而古代女子则不同了,她们早就知道自己应该好好服侍自己的夫君,所以或多或少都学过一些侍夫之道,夏霖虽然没学过,但是也偶尔听到旁人提起过。
所以此时反倒令朱厚照显得有些被动。
“都处理的差不多了,你怎么还没有休息?”
朱厚照有些尴尬,不过随之他又释然了,这夏霖是他明媒正娶的妃子,他有什么尴尬的,就算这夏霖不是太子妃,只是一个婢女宫娥,那他朱厚照今夜临幸也不应该会有什么尴尬才是。
“臣妾在等皇上呢。”夏霖话语之中带着三分幽怨,两分魅惑,还有五分期待。
朱厚照仰头而笑道:“等朕,是啊,你是该等朕,朕已经一年多没有待在这里过夜了。”
偏殿之内,烛光忽明忽暗,夏霖那妖娆的体态在这忽明忽暗间微动,她红唇轻启,幽幽说道:“之前皇上虽然也待在端木宫内,可是从来没让臣妾去陪过皇上。”
看着身着薄纱的夏霖那娇羞又妖娆的样子,朱厚照的眼睛忍不住的有些发直。
“那时是那时,今后是今后,从今以后,朕……”
朱厚照话还没有说完,夏霖就不由分说的吻了上来,夜越来越深了,不知何时起了风,正好将屋内的两支红烛吹灭。
朱厚照再也忍不住了,他要化被动为主动。
拦腰将夏霖抱了起来,在昏暗的房间内,朱厚照凭着自己的感知,将夏霖放在了那宽大无比的大床之上。
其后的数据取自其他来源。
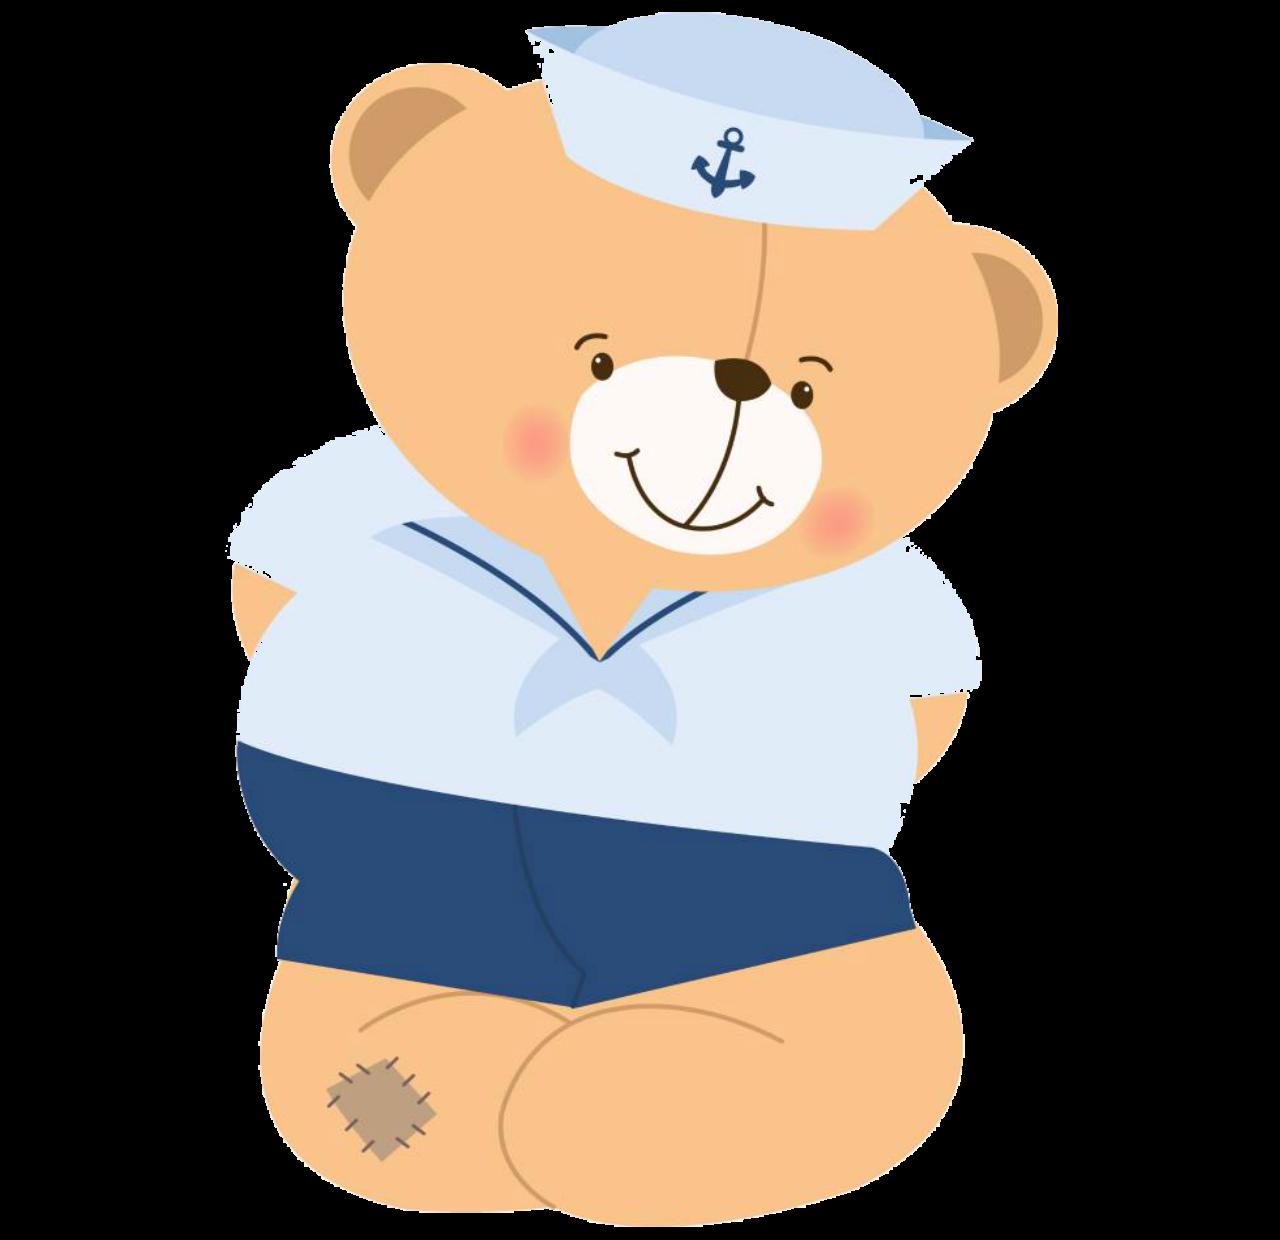 Lady clipart sailor. Bear pretty png sailorbearprettyclipartpng

黑暗之中响起了悉悉索索脱衣服的声音,其间还夹杂着一些夫妻间的夜话……
“在哪呢?怎么进不去啊!”
“轻点……轻点,有点疼……”
“下面一点,再下面一点……”
“唉哟,疼!”
由于两人都是第一次,这一番折腾下来,都不下半个时辰,终于伴随着夏霖那一声“疼”,两人都有一股如释重负的感觉。
第二天夏霖起来的时候朱厚照已经不在身边了,她望着空空的床铺,想起昨天晚上的疯狂,不由得一阵羞涩。
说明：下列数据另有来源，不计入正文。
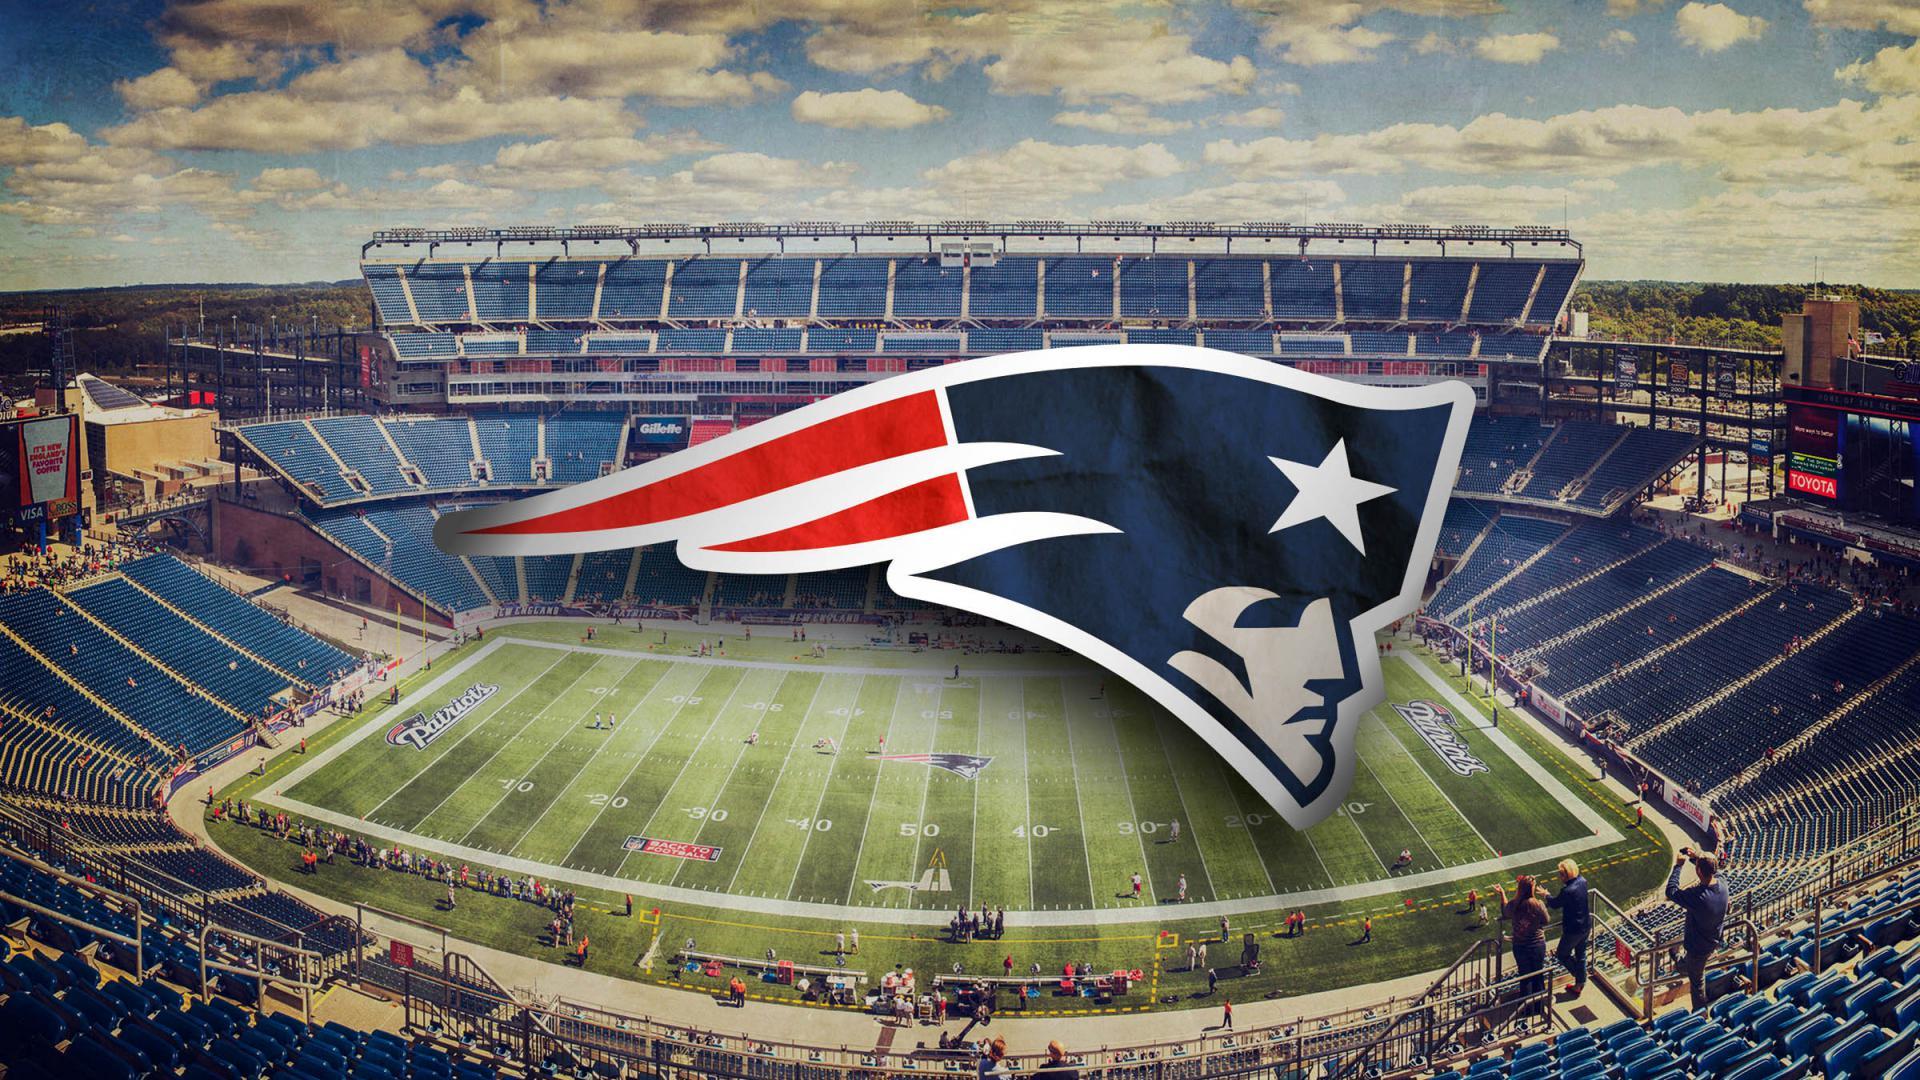 New England Patriots Wallpaper   Logo and Stadium Photo HD 1920x1080

刚要起床,她突然感到一阵疼痛袭来,心中暗“怪”朱厚照不懂怜香惜玉,可却也越发的窃喜起来。
正在此时,朱厚照从外面走了进来,他一直起的都很早,虽然昨晚很疯狂,但是今天还是照旧起来了,那时夏霖还正在酣睡。
看到夏霖在床上坐着,拿着薄被盖着自己的身子,朱厚照笑道:“起床啦,太阳都晒屁股了。”
夏霖佯装嗔怒不答,朱厚照坐在床边,笑道:“嗯?要不……咱们再来个晨练?”说着他将自己的大手从被窝里伸了进去。
夏霖身子猛然一震,身上最敏感的地方被朱厚照给一把抓住了,她的喉间忍不住传来一阵呻…吟。
“别,皇上,臣妾不行了……”
夏霖没想到她这话却起了反作用,朱厚照的某个部位一下子变得膨胀了起来。
她用手抵住朱厚照,低声求饶道:“皇上,臣妾真的不行了,好疼的,晚上臣妾再服侍皇上,好不好?”
昨晚两人初尝禁果,颠鸾倒凤整整战斗了大半夜,当时身体还没有什么异样,但是现在大清早的,夏霖只觉得全身酥软,再没有一丝力气。
朱厚照看着夏霖那求饶娇羞的样子,忍不住在她脸上亲了一下,说道:“今早就饶了你,朕还有些事情要做,就不再这里陪你了。”
夏霖闻言,心中有些不舍,虽然朱厚照此时的活动范围也基本上只是在这皇宫之内,但是夏霖却害怕要失去朱厚照一般,拉住了朱厚照的胳膊。
朱厚照拍了拍夏霖的玉臂,笑道:“你也该起来了,别让外面那些宫女太监们看笑话,他们都是朕安排过来的,有什么事情你就让他们去做就行。”
夏霖心中感到一阵甜蜜,虽然朱厚照此前对她并不好,而且她做太子妃这么长时间了,朱厚照也没有临幸过她,之前更没有提过要册封她为皇后的事情,但是此时她却一点怨气都没了,恰恰相反,她此时倒觉得自己十分幸福。
朱厚照走了之后,夏霖才看到身下床铺上的一片血迹,又忍不住想到了昨晚的疯狂……
本来皇帝很早就要起床去上早朝的,朱厚照此时已经是晚了许久了,但是今天有重要的事情需要解决,所以这早朝他今天是必须要去的。
………………
(本章完)
第204章 解决公事与私事()
其实皇帝并非每日都要上朝,而且,即便是上朝,也因礼仪规矩繁多,处理不了几件政事,这也就是做个样子,因为大部分的政事都是通过奏折…票拟…批红或者是驳回或者是留中不发这种方式给处理了。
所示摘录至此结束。